On April 24, 2020, "Don't Tread on Me" was released as the third single from the album. "Don't Tread on Me" peaked at No. 40 on the Hot Christian Songs chart. On May 29, 2020, We the Kingdom was released "God So Loved". "God So Loved" peaked at No. 4  on the Hot Christian Songs chart. On July 3, 2020, We the Kingdom announced that their debut studio album, Holy Water, will be released on August 7, while releasing "Child of Love" as the first promotional single from the album. "No Doubt About It" was released as the second promotional single from Holy Water on July 24, 2020. We the Kingdom released  Holy Water on August 7, 2020. The album debuted at No. 4 on the Top Christian Albums Chart. On October 30, 2020, the band released "Light of the World (Sing Hallelujah)" as a standalone single. "Light Of The World (Sing Hallelujah)" peaked at No. 29 on the Hot Christian Songs chart.

At the 51st GMA Dove Awards in October 2020, We the Kingdom was nominated for four awards, these being New Artist of the Year, Song of the Year and Pop/Contemporary Recorded Song of the Year for "Holy Water", and Pop/Contemporary Album of the Year for Live at the Wheelhouse, with the band only winning the New Artist of the Year award. Billboard named We the Kingdom the Top New Christian Artist of 2020.

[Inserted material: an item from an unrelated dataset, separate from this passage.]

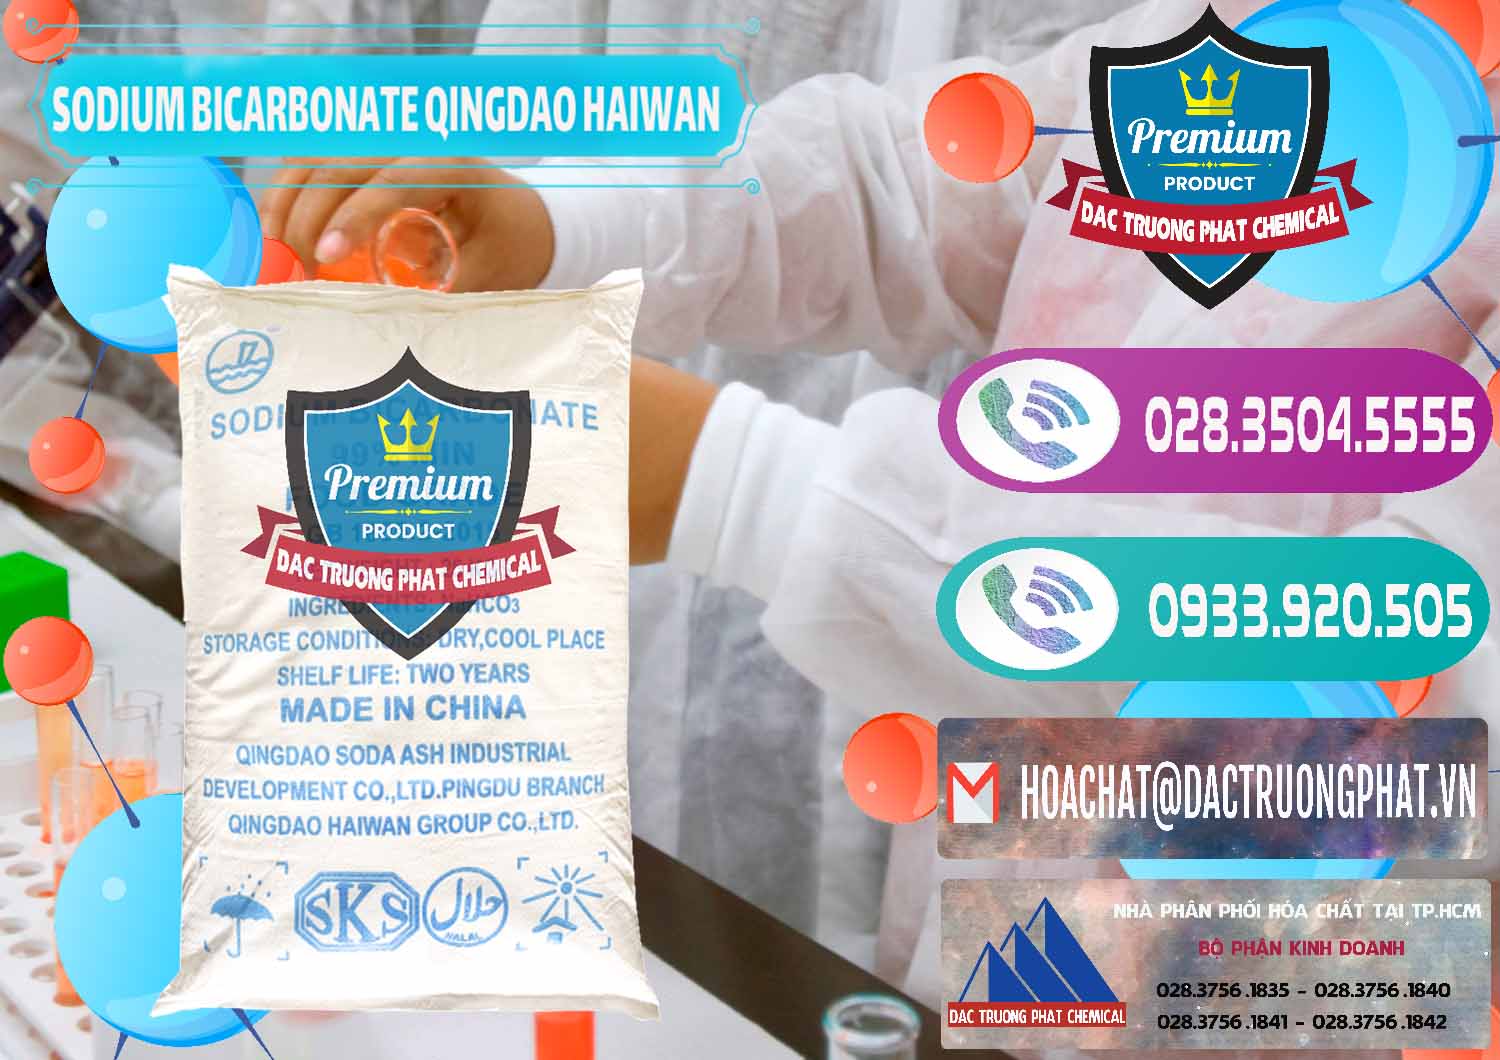 Công ty bán - cung ứng Sodium Bicarbonate – Bicar NaHCO3 Food Grade Qingdao Haiwan Trung Quốc China - 0258 - Đơn vị chuyên nhập khẩu - cung cấp hóa chất tại TP.HCM - hoachatxulynuoc.com
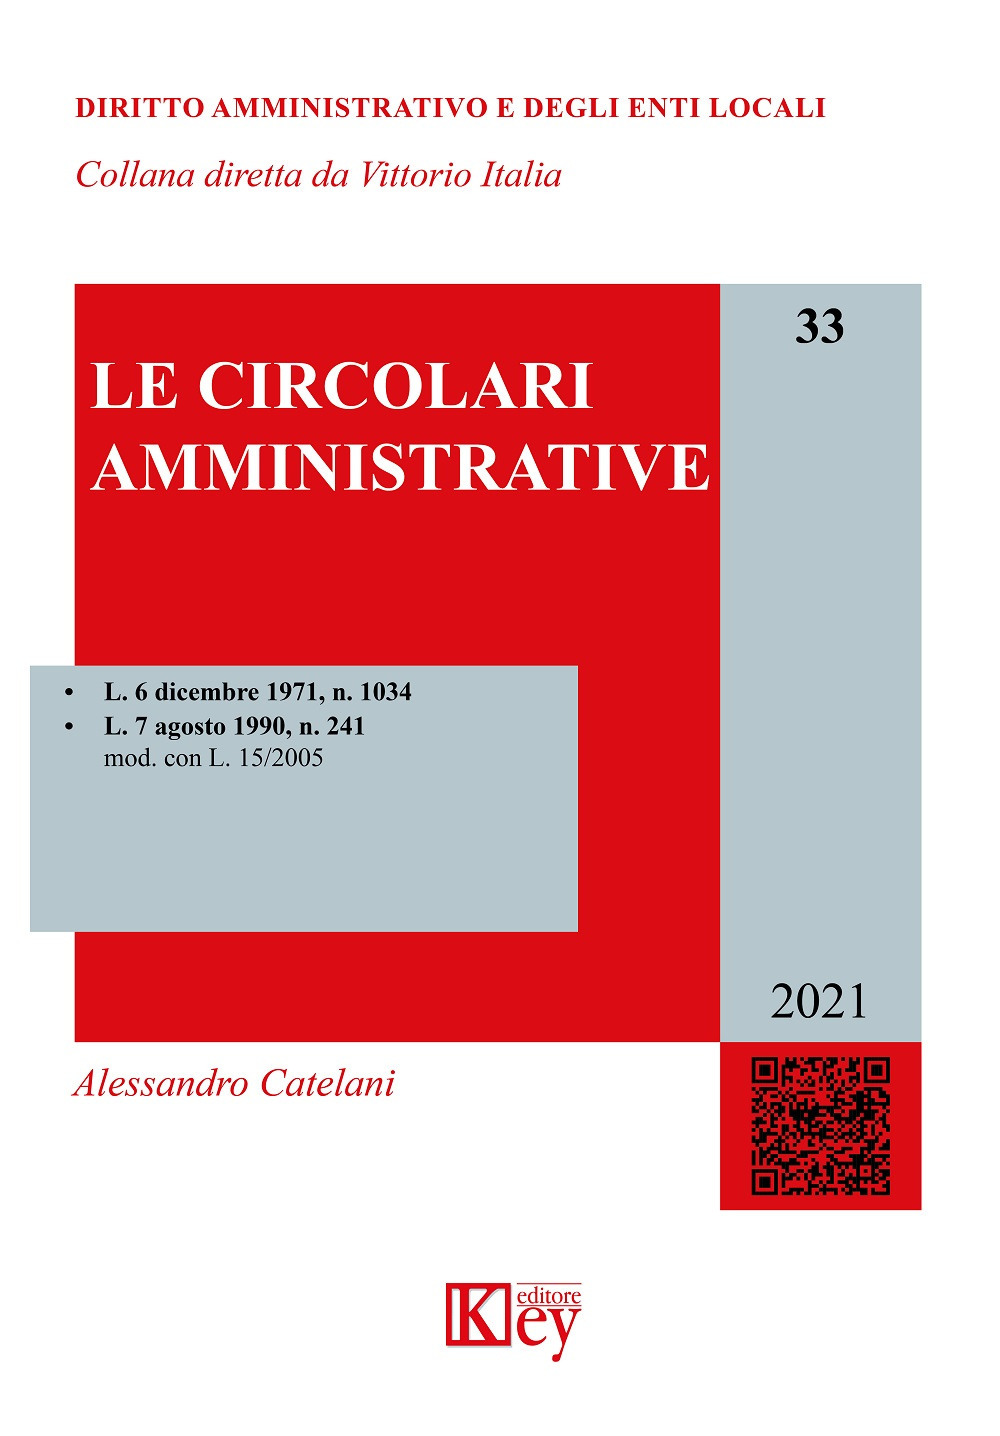 Libri Alessandro Catelani - Le Circolari Amministrative NUOVO SIGILLATO, EDIZIONE DEL 11/01/2021 SUBITO DISPONIBILE

On January 29, 2021, the band released "Child of Love" featuring Bear Rinehart of Needtobreathe as the fifth single from Holy Water (2020). "Child of Love" peaked at No. 5 on the Hot Christian Songs chart. At the 63rd Annual Grammy Awards in March 2021, We the Kingdom received two nominations, with "Holy Water" being nominated for the Best Contemporary Christian Music Performance/Song, and Holy Water for Best Contemporary Christian Music Album.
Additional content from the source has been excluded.